Alabanda était bouleversé.

« Quand, voyant un enfant, s’écria-t-il, je songe au joug honteux et corrupteur qu’il va porter, et qu’il languira comme nous, qu’il cherchera comme nous les hommes vrais, qu’il poursuivra comme nous la beauté et la vérité, qu’il périra sans fruit parce qu’il aura été seul comme nous… Arrachez donc vos fils à leur berceau et précipitez-les dans le fleuve, pour les soustraire au moins à votre honte ! »

« Sûrement, les choses changeront, Alabanda », lui dis-je.

« Comment ? répondit-il. Les héros ont perdu leur gloire, les sages leurs disciples. Les grandes actions, s’il n’est pas de peuple assez noble pour les entendre, ne sont pas davantage qu’un coup violent sur un front sourd, et les hautes paroles, si elles ne résonnent dans des âmes hautes, sont comme une feuille morte dont le murmure s’étouffe dans la boue. Que veux-tu donc entreprendre ? »

« Je veux prendre la pelle et jeter la boue dans une fosse.
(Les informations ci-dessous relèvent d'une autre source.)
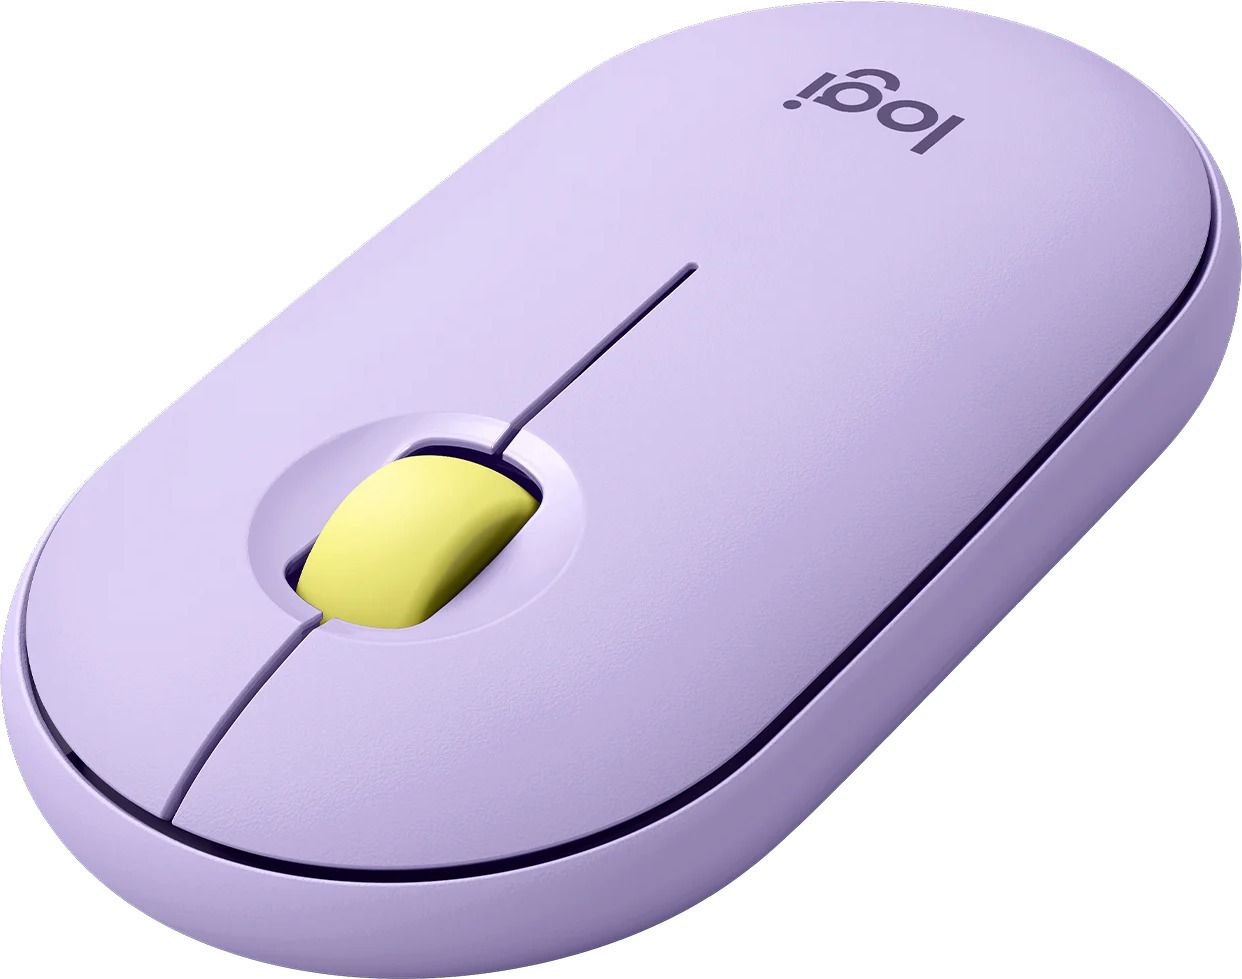 LOGITECH Pebble M350 Wireless Mouse - LAVENDER LEMONADE

Un peuple où l’esprit et la grandeur n’engendrent plus ni esprit ni grandeur n’a plus rien de commun avec ceux qui sont encore composés d’hommes vrais, il n’y plus aucun droit, et c’est une vaine et superstitieuse bouffonnerie que de vouloir continuer à honorer ces inertes cadavres comme s’ils cachaient des coeurs romains. Qu’ils disparaissent ! L’arbre desséché et pourri doit être abattu, car il dérobe la lumière et l’air à la jeune vie qui mûrit pour un nouveau monde. »

Alabanda s’élança vers moi, m’étreignit, et ses baisers m’allèrent à l’âme. « Frère d’armes ! s’écria-t-il, je me sens maintenant la force de Briarée !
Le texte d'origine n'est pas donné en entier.